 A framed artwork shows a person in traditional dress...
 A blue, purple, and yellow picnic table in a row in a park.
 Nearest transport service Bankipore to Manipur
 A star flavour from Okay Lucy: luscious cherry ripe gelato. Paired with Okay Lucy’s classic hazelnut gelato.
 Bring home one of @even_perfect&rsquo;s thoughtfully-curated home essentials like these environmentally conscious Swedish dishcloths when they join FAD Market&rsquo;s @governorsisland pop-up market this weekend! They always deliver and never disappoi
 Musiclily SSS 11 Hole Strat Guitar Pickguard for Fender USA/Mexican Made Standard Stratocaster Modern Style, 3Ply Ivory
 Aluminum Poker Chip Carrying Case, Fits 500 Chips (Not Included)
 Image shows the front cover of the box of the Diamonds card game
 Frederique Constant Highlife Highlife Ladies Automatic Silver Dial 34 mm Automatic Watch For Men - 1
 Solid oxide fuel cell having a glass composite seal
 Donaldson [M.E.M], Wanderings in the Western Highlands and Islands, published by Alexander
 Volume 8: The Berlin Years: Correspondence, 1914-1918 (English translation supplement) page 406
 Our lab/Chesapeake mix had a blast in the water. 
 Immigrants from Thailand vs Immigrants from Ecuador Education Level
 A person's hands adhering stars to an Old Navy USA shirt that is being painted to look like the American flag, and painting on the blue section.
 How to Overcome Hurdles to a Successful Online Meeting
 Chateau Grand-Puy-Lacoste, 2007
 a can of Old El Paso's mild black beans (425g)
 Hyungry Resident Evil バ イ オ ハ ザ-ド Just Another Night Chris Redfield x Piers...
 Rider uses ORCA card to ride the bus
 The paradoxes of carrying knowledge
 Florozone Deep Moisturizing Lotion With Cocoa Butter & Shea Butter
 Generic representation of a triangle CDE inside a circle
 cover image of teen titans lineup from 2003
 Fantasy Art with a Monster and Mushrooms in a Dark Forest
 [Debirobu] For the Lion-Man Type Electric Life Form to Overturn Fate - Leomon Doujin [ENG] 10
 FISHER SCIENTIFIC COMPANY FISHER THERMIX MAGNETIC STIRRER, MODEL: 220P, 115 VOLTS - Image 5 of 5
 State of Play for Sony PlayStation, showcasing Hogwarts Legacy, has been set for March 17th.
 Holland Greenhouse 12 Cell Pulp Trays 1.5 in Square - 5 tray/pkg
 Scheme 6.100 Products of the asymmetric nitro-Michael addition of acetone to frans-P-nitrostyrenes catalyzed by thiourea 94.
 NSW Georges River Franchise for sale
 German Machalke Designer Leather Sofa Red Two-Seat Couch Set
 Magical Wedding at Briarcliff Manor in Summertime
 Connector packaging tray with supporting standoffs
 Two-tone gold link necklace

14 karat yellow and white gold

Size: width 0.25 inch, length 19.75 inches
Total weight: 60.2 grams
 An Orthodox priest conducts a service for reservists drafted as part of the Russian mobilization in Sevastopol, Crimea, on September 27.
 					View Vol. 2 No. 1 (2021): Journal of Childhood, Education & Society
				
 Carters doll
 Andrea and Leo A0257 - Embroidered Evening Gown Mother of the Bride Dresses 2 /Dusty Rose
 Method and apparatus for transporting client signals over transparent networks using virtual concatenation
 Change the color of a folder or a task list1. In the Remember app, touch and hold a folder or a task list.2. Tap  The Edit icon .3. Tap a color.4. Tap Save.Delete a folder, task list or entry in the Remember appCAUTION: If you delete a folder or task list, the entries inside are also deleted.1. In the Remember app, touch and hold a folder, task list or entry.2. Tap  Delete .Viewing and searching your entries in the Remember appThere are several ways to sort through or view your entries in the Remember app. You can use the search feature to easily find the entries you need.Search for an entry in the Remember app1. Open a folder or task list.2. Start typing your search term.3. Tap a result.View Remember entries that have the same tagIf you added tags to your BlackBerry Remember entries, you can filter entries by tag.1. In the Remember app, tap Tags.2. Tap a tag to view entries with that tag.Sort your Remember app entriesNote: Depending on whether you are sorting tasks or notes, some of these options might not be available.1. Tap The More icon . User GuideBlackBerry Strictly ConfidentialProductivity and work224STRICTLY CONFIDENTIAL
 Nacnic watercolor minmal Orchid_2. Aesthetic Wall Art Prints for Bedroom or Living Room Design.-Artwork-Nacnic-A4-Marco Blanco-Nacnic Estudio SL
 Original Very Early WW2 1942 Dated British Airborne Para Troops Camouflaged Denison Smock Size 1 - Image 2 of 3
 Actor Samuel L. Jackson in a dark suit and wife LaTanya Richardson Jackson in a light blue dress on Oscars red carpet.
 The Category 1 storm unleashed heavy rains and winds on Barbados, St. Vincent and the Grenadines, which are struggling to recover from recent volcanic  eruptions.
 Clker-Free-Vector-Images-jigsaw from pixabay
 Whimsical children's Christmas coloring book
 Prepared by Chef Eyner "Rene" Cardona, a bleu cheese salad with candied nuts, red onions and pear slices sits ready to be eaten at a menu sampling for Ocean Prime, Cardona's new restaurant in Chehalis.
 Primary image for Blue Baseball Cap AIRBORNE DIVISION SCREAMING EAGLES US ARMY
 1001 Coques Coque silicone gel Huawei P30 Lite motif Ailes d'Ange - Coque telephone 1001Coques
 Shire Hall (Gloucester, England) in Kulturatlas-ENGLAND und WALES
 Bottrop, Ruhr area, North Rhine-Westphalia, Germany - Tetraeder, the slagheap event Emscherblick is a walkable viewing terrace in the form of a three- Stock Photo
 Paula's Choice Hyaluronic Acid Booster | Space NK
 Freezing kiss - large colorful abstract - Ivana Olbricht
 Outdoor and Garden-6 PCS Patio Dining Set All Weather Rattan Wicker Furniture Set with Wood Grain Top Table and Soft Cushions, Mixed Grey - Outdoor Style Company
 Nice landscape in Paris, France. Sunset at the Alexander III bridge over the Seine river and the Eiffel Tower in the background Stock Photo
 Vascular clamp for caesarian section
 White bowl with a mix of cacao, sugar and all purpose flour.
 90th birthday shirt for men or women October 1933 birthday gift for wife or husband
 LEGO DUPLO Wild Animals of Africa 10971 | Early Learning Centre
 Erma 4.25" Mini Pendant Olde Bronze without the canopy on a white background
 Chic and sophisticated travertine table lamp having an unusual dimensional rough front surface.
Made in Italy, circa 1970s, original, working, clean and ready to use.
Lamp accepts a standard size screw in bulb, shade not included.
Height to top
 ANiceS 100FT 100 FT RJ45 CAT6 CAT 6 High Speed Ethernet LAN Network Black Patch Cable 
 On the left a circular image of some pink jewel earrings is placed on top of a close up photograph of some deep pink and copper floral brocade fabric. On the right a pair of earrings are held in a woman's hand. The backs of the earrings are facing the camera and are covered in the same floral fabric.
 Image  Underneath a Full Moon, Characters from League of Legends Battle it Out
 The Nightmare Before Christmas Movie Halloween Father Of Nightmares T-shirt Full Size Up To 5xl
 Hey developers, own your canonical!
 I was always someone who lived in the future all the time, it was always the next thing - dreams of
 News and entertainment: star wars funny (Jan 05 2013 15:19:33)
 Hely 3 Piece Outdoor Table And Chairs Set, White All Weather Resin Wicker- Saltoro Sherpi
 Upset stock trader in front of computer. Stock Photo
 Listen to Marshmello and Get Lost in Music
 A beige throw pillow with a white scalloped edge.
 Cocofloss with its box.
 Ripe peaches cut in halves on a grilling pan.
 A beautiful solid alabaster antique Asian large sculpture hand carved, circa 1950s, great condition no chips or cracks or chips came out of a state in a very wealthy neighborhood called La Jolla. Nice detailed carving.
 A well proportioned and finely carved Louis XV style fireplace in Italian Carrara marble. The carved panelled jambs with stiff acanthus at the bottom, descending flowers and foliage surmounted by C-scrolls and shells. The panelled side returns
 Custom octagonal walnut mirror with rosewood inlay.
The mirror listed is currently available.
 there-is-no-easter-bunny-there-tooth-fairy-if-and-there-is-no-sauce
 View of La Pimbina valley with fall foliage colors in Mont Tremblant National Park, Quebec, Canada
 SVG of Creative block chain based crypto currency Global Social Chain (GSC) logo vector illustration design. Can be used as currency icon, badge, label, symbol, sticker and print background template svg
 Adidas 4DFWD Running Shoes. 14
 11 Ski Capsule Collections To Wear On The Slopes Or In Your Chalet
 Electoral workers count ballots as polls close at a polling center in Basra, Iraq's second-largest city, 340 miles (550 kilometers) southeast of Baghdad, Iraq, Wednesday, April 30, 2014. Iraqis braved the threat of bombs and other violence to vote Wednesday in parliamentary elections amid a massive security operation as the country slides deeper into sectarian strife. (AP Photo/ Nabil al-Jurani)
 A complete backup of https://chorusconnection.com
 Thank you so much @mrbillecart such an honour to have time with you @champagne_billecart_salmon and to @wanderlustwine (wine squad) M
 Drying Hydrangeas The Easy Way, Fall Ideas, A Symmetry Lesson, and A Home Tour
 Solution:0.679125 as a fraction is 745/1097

= = = = = = =

— Work to complete —
Wherever the word "always" occurs in the data, copy that whole line.

— Task output —
 Bring home one of @even_perfect&rsquo;s thoughtfully-curated home essentials like these environmentally conscious Swedish dishcloths when they join FAD Market&rsquo;s @governorsisland pop-up market this weekend! They always deliver and never disappoi
 I was always someone who lived in the future all the time, it was always the next thing - dreams of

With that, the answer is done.